Ein zusammengekauerter Mann und ein Mädchen vor einer Liste mit Namen von Überlebenden (Foto: REUTERS/Yonhap)

Tränen der Freude: Ein Vater bricht zusammen, nachdem er erfahren hat, dass sein Sohn unter den Überlebenden ist

Anklagende Fragen in der Presse

Das Vorgehen der Crew wird auch in der südkoreanischen Presse kritisiert. So schreibt die Tageszeitung

"Chosun Ilbo"

in aller Deutlichkeit: "Das Unglück hätte verhindert werden können". Und weiter heißt es: "Besonders beunruhigend sind die Berichte über die Vorgaben der Besatzung. Diejenigen Passagiere, die keine Zeit verloren und dennoch ihre Rettungswesten überzogen, überlebten. Auch viele Crew-Mitglieder und der Kapitän konnten sich retten."

Überhaupt gibt es noch offene Fragen um die Personalie des Kapitäns. Wie die

"Korea Times"

und die "Chosun Ilbo" übereinstimmend berichten, wurde das Schiff von einem Ersatz-Kapitän gesteuert, da der übliche Kapitän im Urlaub war. Und: Es gibt den Verdacht, dass der Kapitän das Schiff vom vorgesehenen Kurs weglenkte und eine – riskantere – alternative Route durch flaches, von Inseln durchzogenes Gewässer einschlug. Möglicherweise, um nach dem verspäteten Start in Incheon doch noch pünktlich auf der Insel Cheju anzukommen. Das Schiff hätte eigentlich am Vorabend um 18:30 Uhr auslaufen sollen, tatsächlich aber verzögerte sich die Abfahrt um zweieinhalb Stunden. Der Kapitän selbst, Lee Joon Seok, sagte der Zeitung "Dong A Ilbo", die Fähre sei "plötzlich gesunken" und er wisse nicht, weshalb. Er habe keinen Felsen gerammt.
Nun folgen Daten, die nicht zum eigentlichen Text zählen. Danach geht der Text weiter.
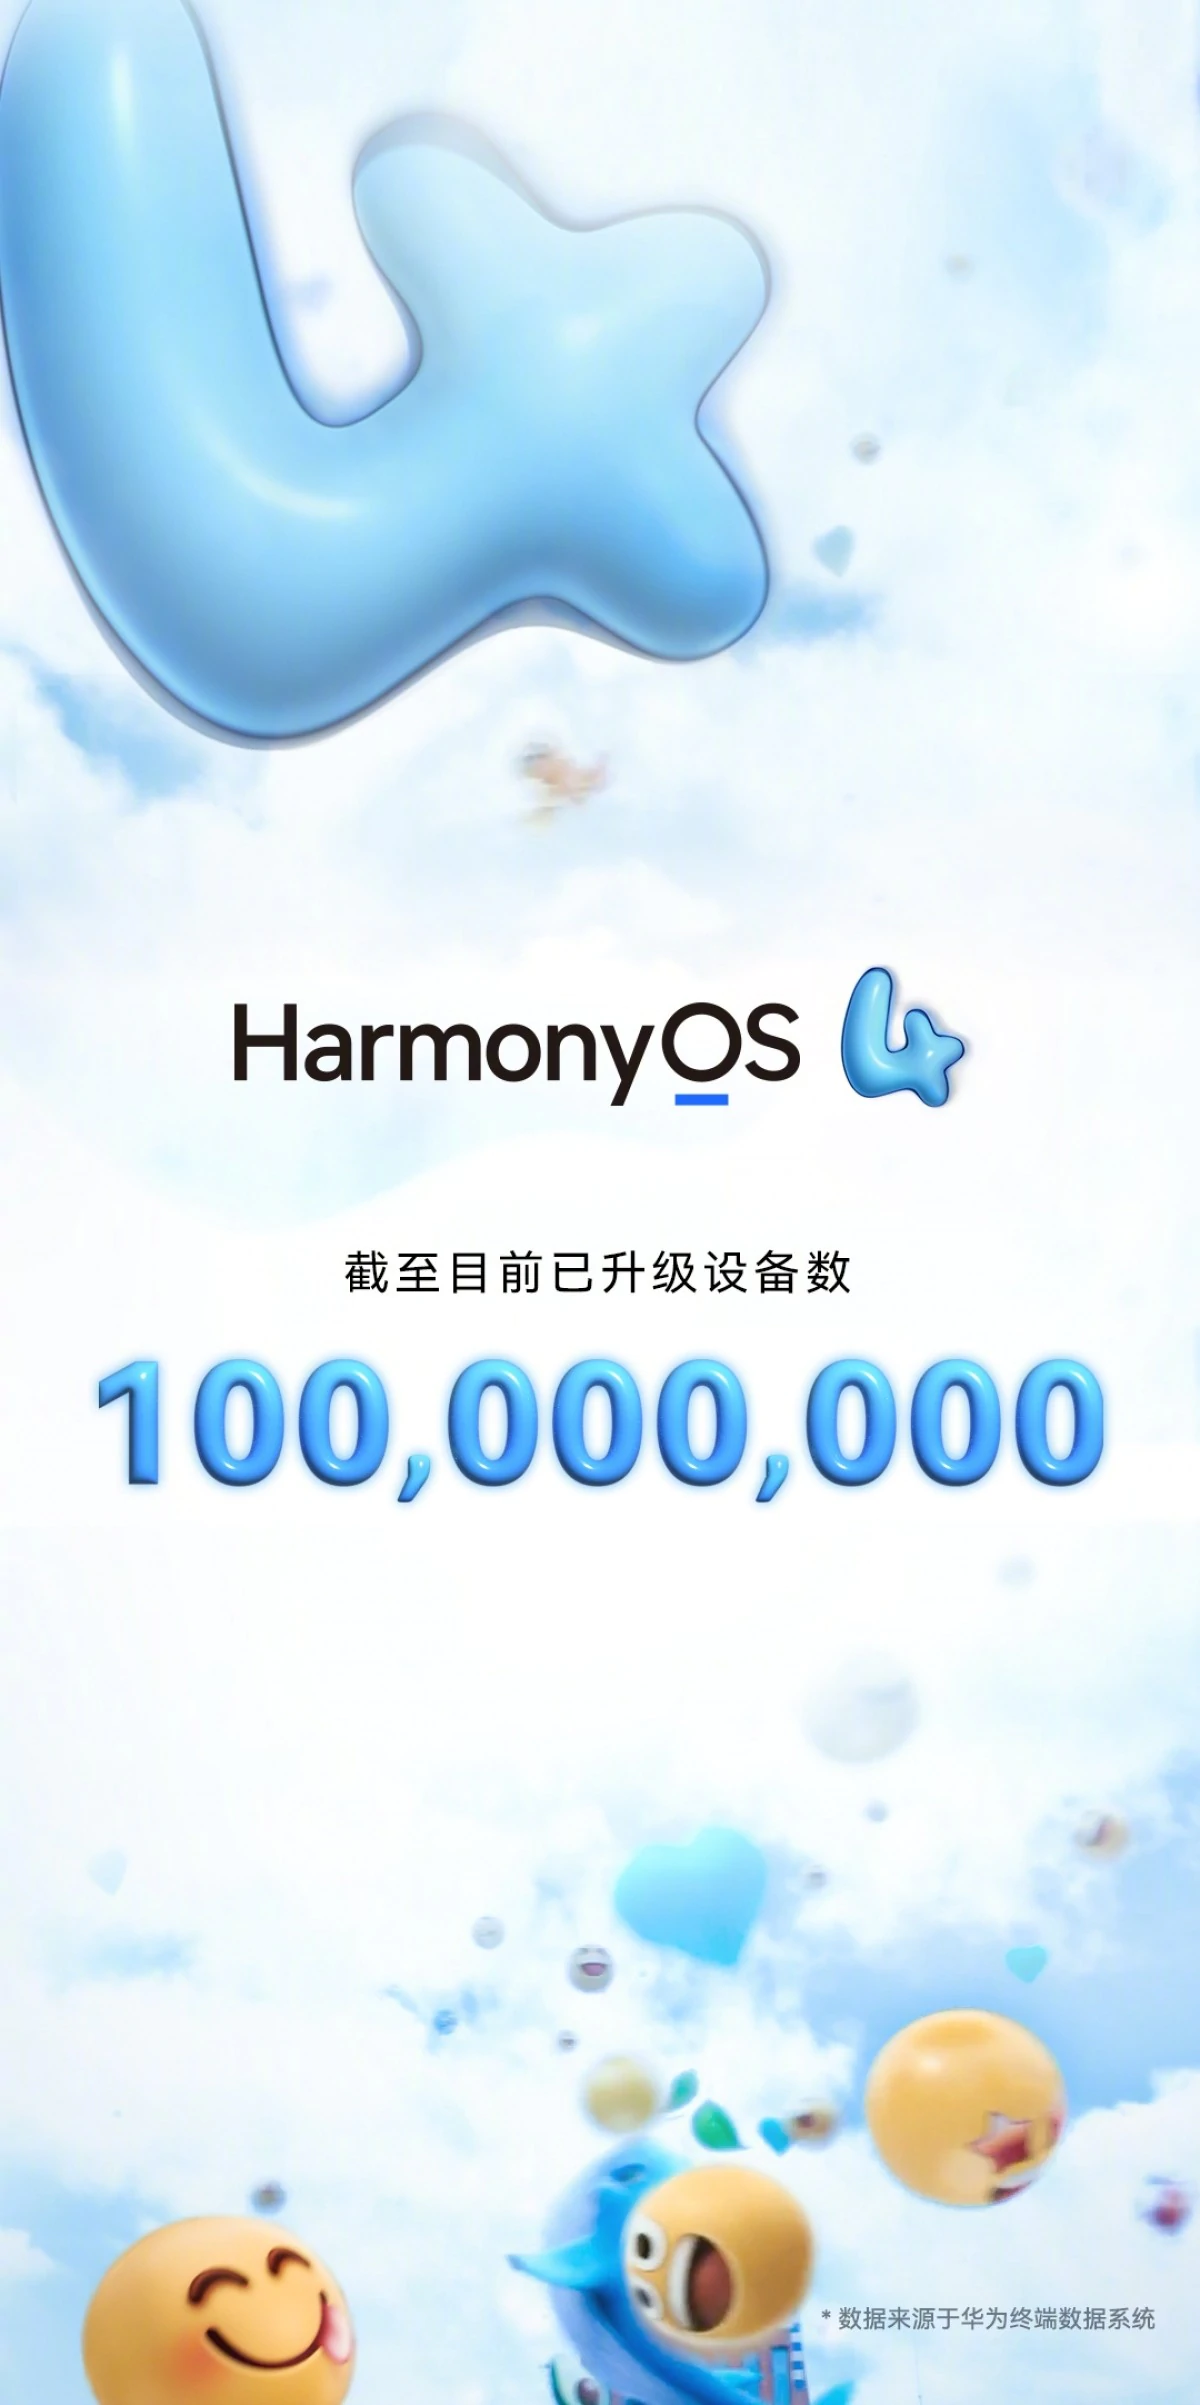 gsmarena 001 | HarmonyOS | Huawei ประกาศ HarmonyOS 4 มีผู้ใช้งานเกิน 100 ล้านอุปกรณ์แล้ว

Zu scharfe Wendung Grund für die Katastrophe?

Ein Hubschrauber rettet einen Überlebenden von Bord der Sewol (Foto: REUTERS/West Regional Headquarters Korea Coast Guard/News1)

Knapp 180 Passagiere und Besatzungs-Mitglieder konnten mit Hubschraubern und Booten gerettet werden

Choi He Suk schreibt im

"Korea Herald"

, dass eine zu scharfe Wendung Auslöser der Katastrophe gewesen sein könnte. Nach Berichten überlebender Crew-Mitglieder machte die "Sewol" eine harte Kehre. Dadurch - so eine Vermutung von Seiten der südkoreanischen Küstenwache - könnten sich Teile der Fracht gelöst und das Schiff in Schieflage gebracht haben.

Unterdessen ist die offizielle Zahl der Toten auf mindestens neun gestiegen, teilte die Küstenwache weiter mit. Mit Fluchtlicht und trotz schlechter Sicht hatten Boote die ganze Nacht über das Meer nach weiteren Überlebenden abgesucht. Ohne Erfolg.